Exercise prompt:
Set down the line containing "TOYOTA SIENNA 2010" and each line after it through the last line of the records, exactly, leaving pictures out.

Start of Dataset entries

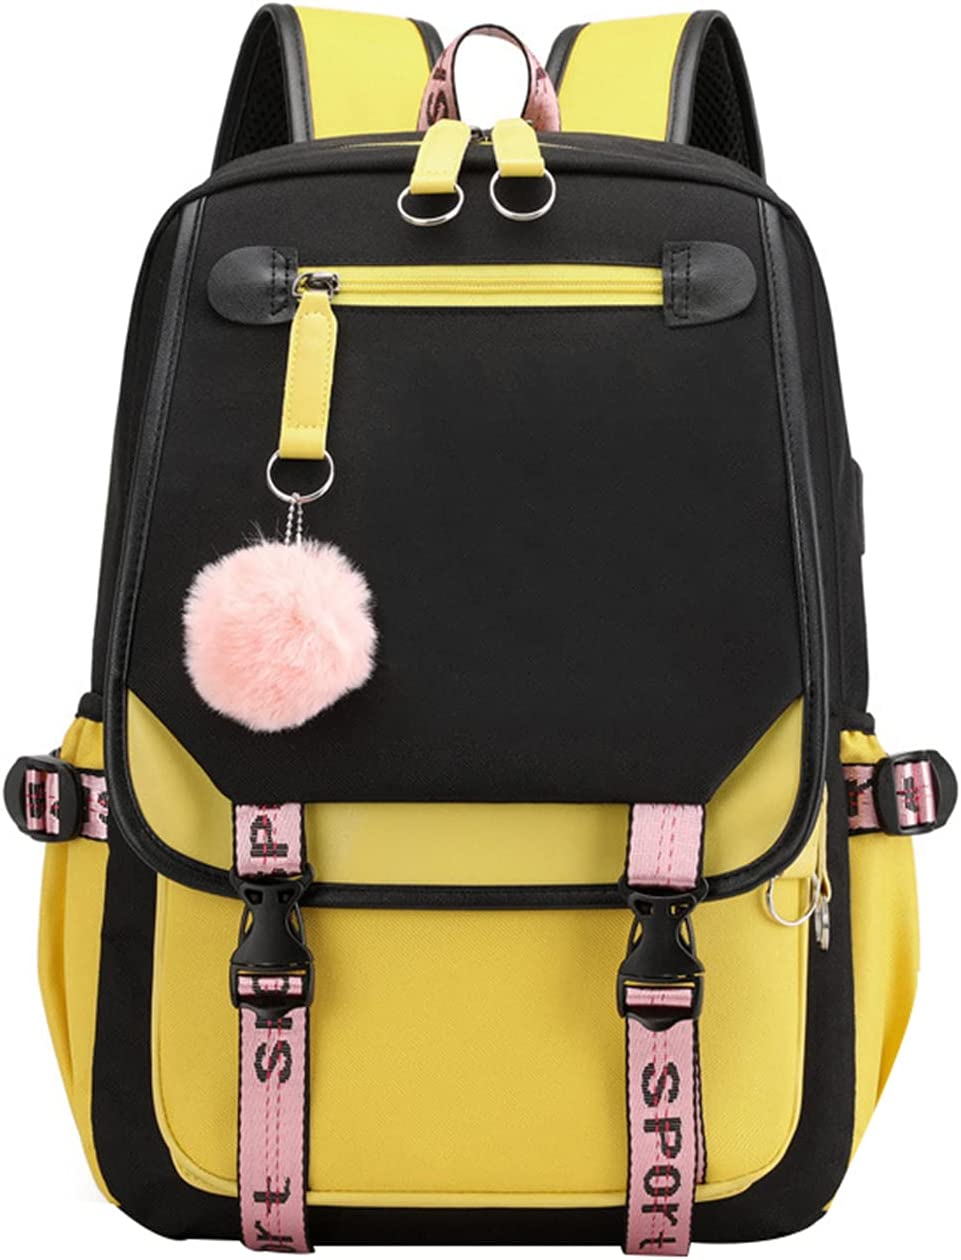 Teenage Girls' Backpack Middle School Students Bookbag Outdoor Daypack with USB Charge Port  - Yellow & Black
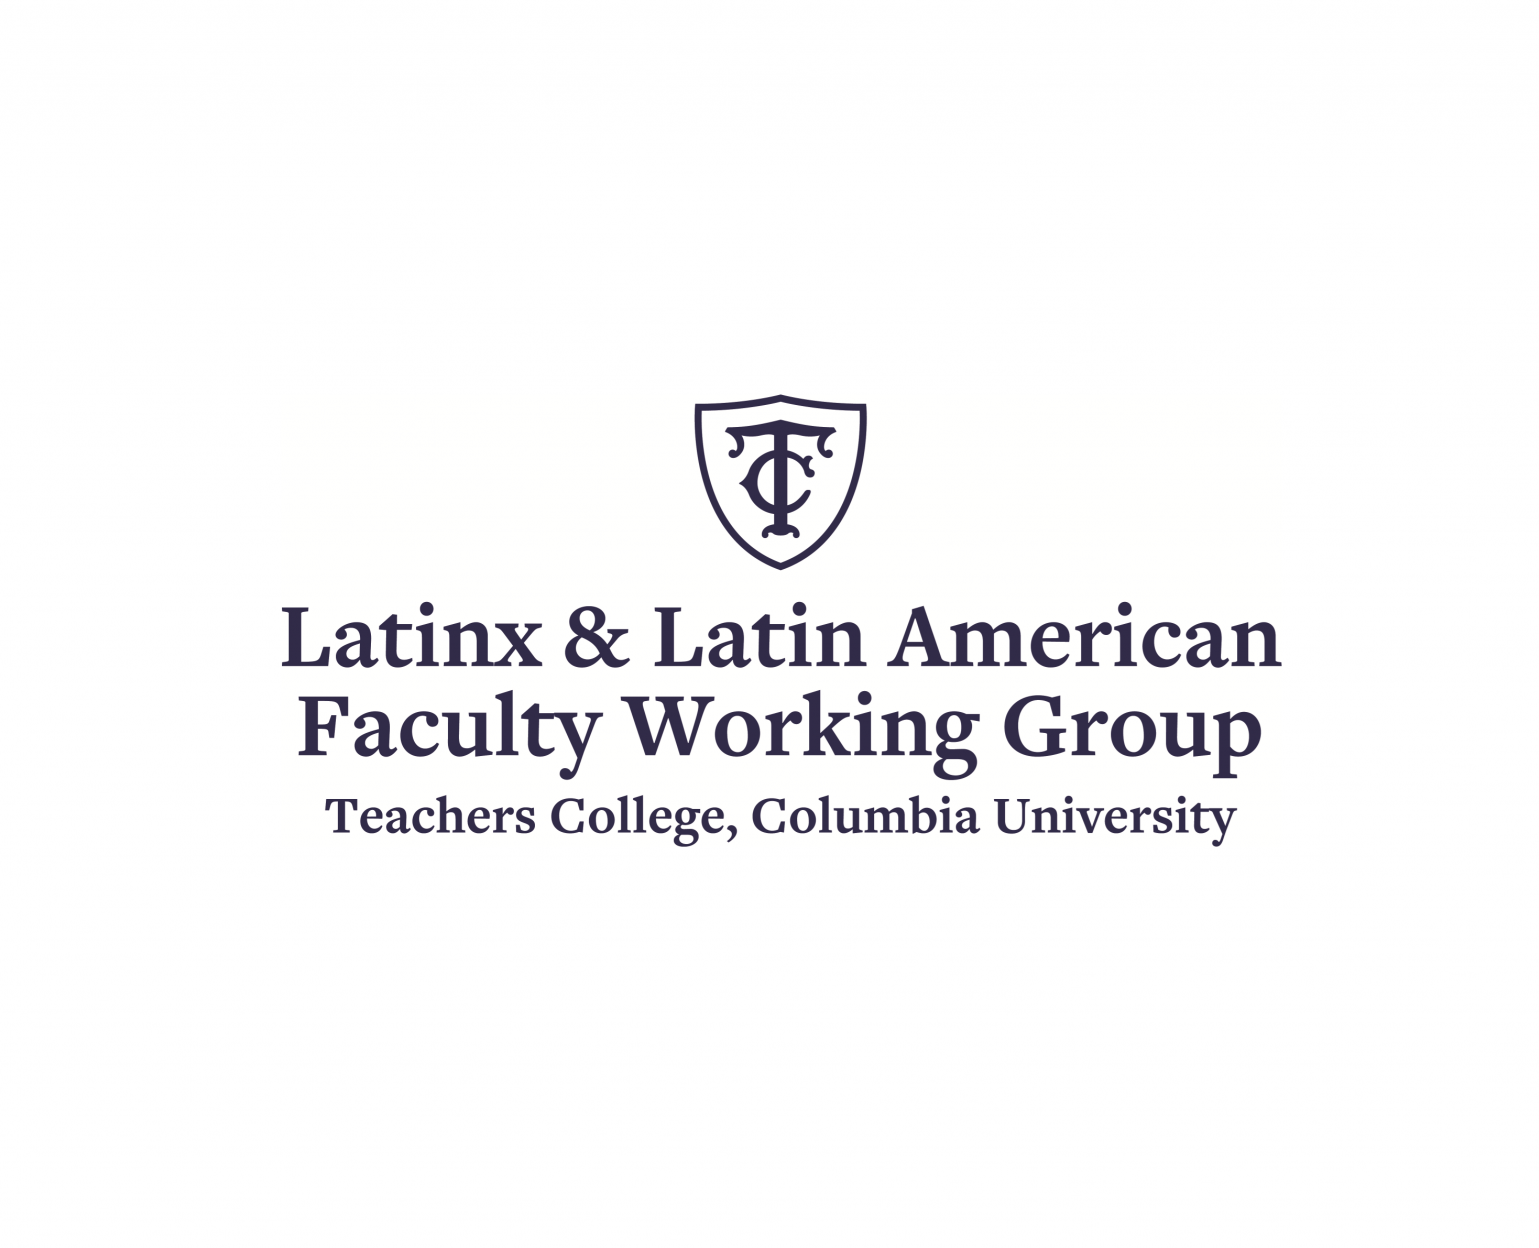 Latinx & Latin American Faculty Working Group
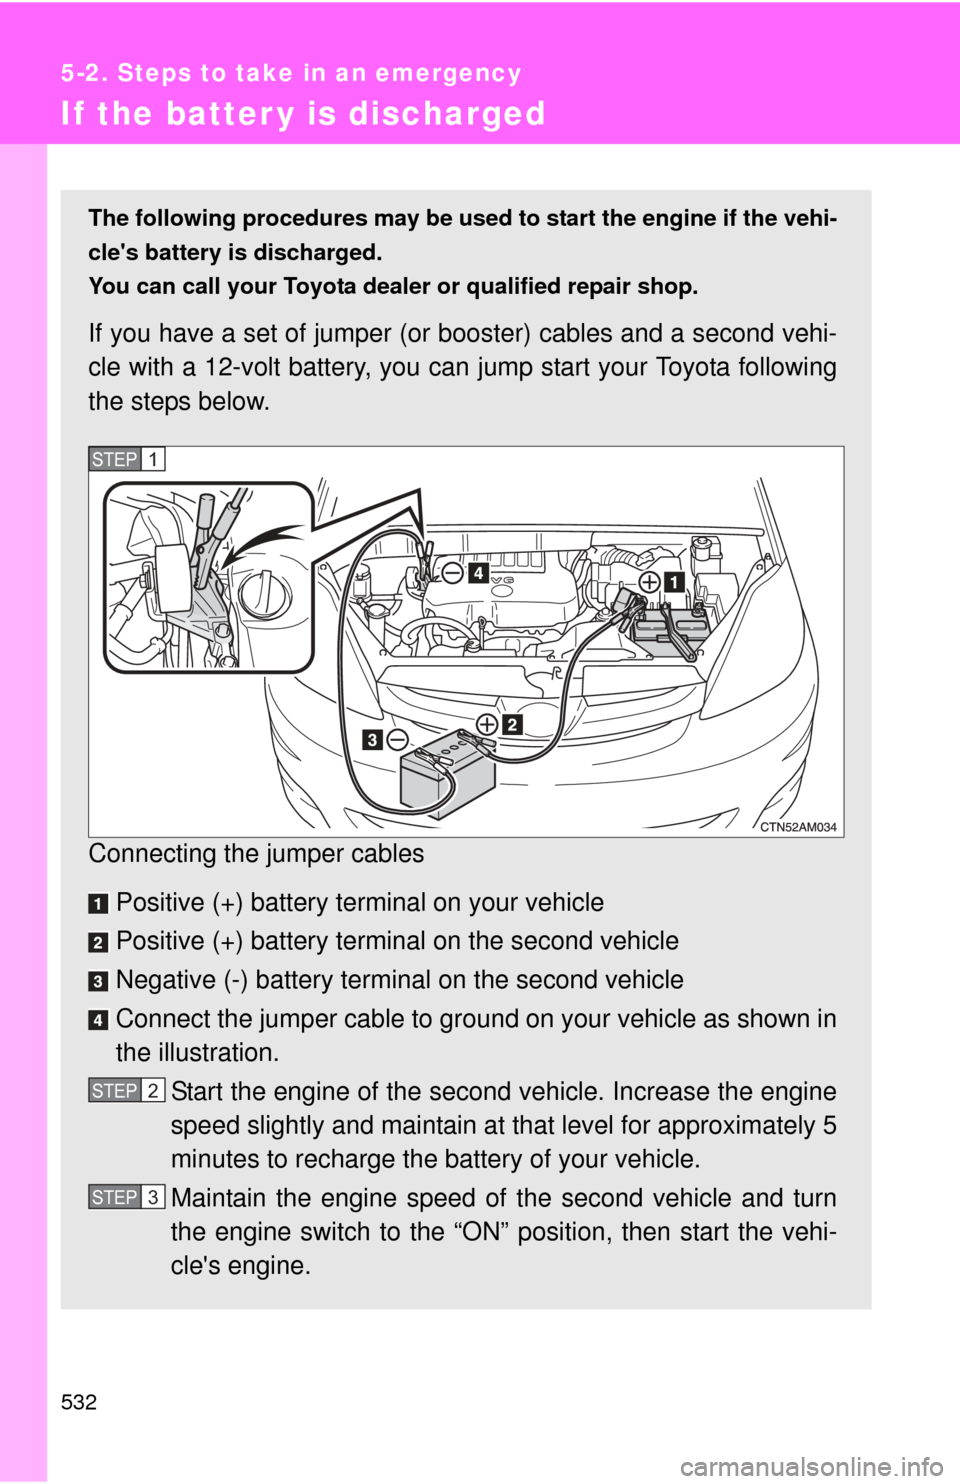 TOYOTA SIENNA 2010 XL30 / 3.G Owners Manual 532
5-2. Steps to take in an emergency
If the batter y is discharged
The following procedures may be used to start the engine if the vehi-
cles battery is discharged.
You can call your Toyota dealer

End of Dataset entries

Result for this exercise:
 TOYOTA SIENNA 2010 XL30 / 3.G Owners Manual 532
5-2. Steps to take in an emergency
If the batter y is discharged
The following procedures may be used to start the engine if the vehi-
cles battery is discharged.
You can call your Toyota dealer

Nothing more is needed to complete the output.